Franziska Klimas: In der Kombination von Schiene und Straße können die jeweiligen Stärken der verschiedenen Verkehrsträger genutzt werden – beispielsweise die Sicherheit und Klimafreundlichkeit der Schiene und die größere Flexibilität der Straße. Das spiegelt sich auch in der Strategie von DB Cargo wider, nämlich Europas führender Bahnlogistiker zu werden. Auf der Langstrecke wird die umweltfreundliche Schiene genutzt und für den Vor- und Nachlauf im Nahbereich vom Terminal bis zur Laderampe wird auf den Lkw zurückgegriffen. Dadurch können Straßen entlastet und Staus und reduziert werden. Die Unternehmen benötigen keine eigene Infrastruktur, um den Verkehrsträger Schiene nutzen zu können. So vereinfachen wir für Kunden den Zugang zum System Schiene. Wir machen den Schienentransport so einfach wie Online-Shopping – mit nur einen Klick können Kunden zum Beispiel auf unserer Online-Plattform link2rail Güterwagen bestellen oder das Ankunftsdatum der Ware verfolgen. Bei weiteren Entfernungen erreichen Züge oft schneller als Lkws ihre Ziele. Im Vor- und Nachlauf des kombinierten Verkehrs sind zudem 44 Tonnen Gesamtgewicht möglich. Dadurch kann eine größere Gütermenge mit nur einer Ladung transportiert werden.
Was steckt hinter Ihrem Projekt „Rückkehr in die Agrarbranche“?
Franziska Klimas: Mit nachhaltigen Verkehrskonzepten und modernen, großvolumigen Wagen möchten wir die individuellen Anforderungen in umweltfreundlichen und wirtschaftlich attraktiven Transportlösungen für Agrargüter jeder Art umsetzen. Ob Getreide oder Kartoffelstärke, wir bringen alles sicher und schnell ans Ziel – egal, ob in Wagengruppen oder in ganzen Zügen. DB Cargo hat in den vergangenen Jahren Produktionsprozesse optimiert, ein breites Partnermanagement aufgebaut, die Preisbildung gestrafft und beschleunigt sowie zuletzt auch in marktgerechte Waggons investiert (Anmietung von mehreren Garnituren von 101-m³-Waggons). Mit den veränderten Rahmenbedingungen wollen wir auch Kunden im Agrarbereich von unserer Leistungsfähigkeit überzeugen.
Auf welche Neuerungen können sich die Kunden in den kommenden Jahren einstellen?

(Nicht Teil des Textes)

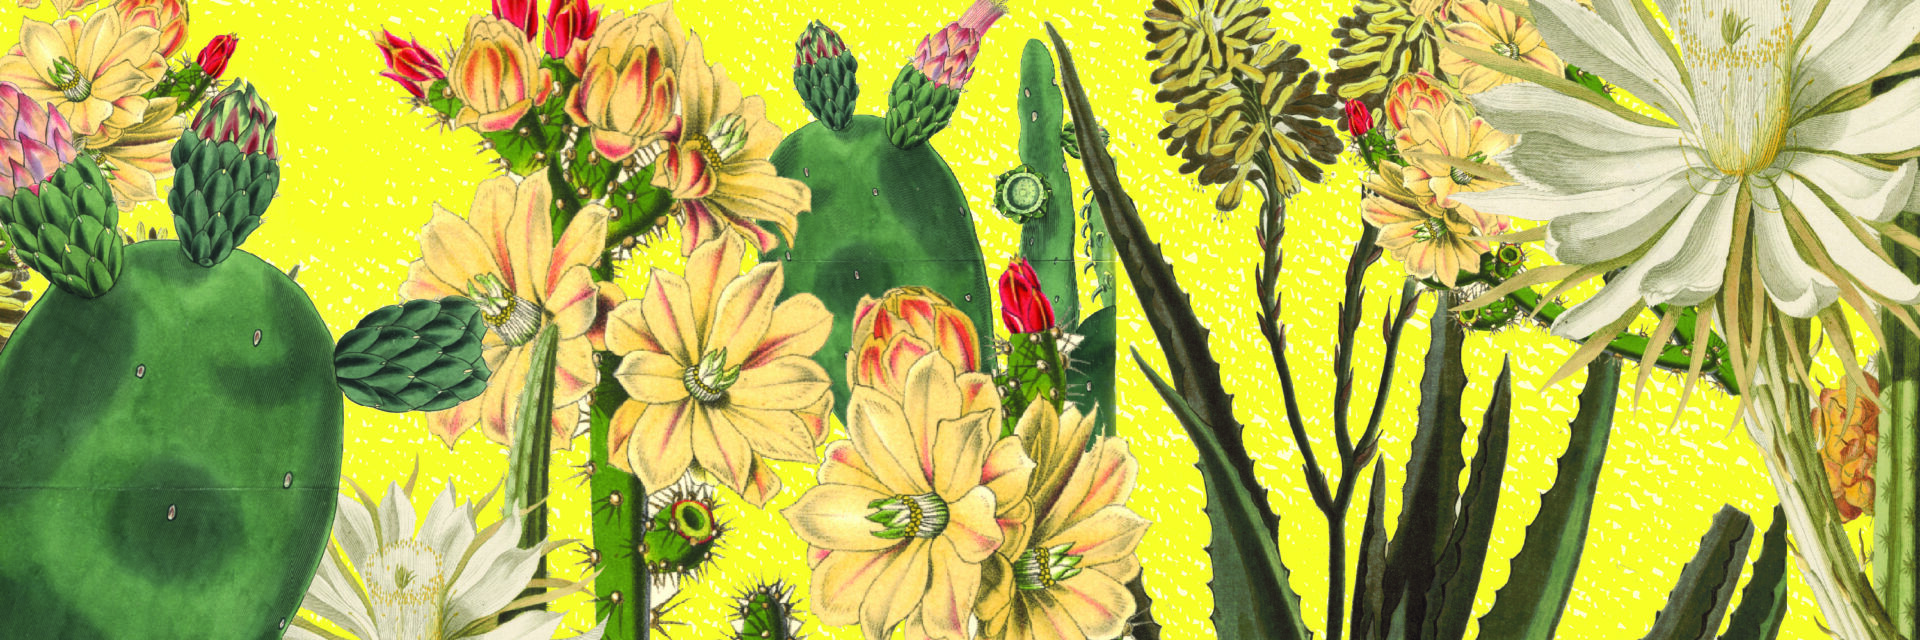 Arte del simposio de cactus

Franziska Klimas: Wir wollen in den nächsten Jahren weiterwachsen, denn Güter gehören auf die Schiene. Bis 2030 sollen 50 Millionen Lkw-Fahrten auf die Schiene verlagert werden. Etwa die Hälfte davon will DB Cargo übernehmen. Wir investieren weiterhin in Kapazität und Qualität, indem wir in neues Equipment investieren, neue Mitarbeiterinnen und Mitarbeiter einstellen und weiter an der Verbesserung unserer Produktionsqualität arbeiten. Zudem werden die Themen Innovation und Digitalisierung weiter vorangetrieben. Ein erster Schritt war das Ausrüsten aller Güterwagen mit GPS und Sensorik. Neben dem Vorantreiben der Digitalen Automatischen Kupplung ist hier noch der modulare und multifunktionale Güterwagen zu nennen. Dahinter steht eine revolutionäre Innovation in Sachen Güterwagenbau und -einsatz. Mit dem neuartigen Konzept trennen wir Transportbehälter und Tragwagen. Damit eröffnen wir neue Möglichkeiten in der Gestaltung von Fahrzeugen: Der neue Tragwagen ist standardisiert und modular. Durch den Einsatz abnehmbarer und austauschbarer Aufbauten wird die Multifunktionalität erreicht. Dieses Güterwagensystem ist europaweit einzigartig zugelassen.
Vielen lieben Dank für das Interview!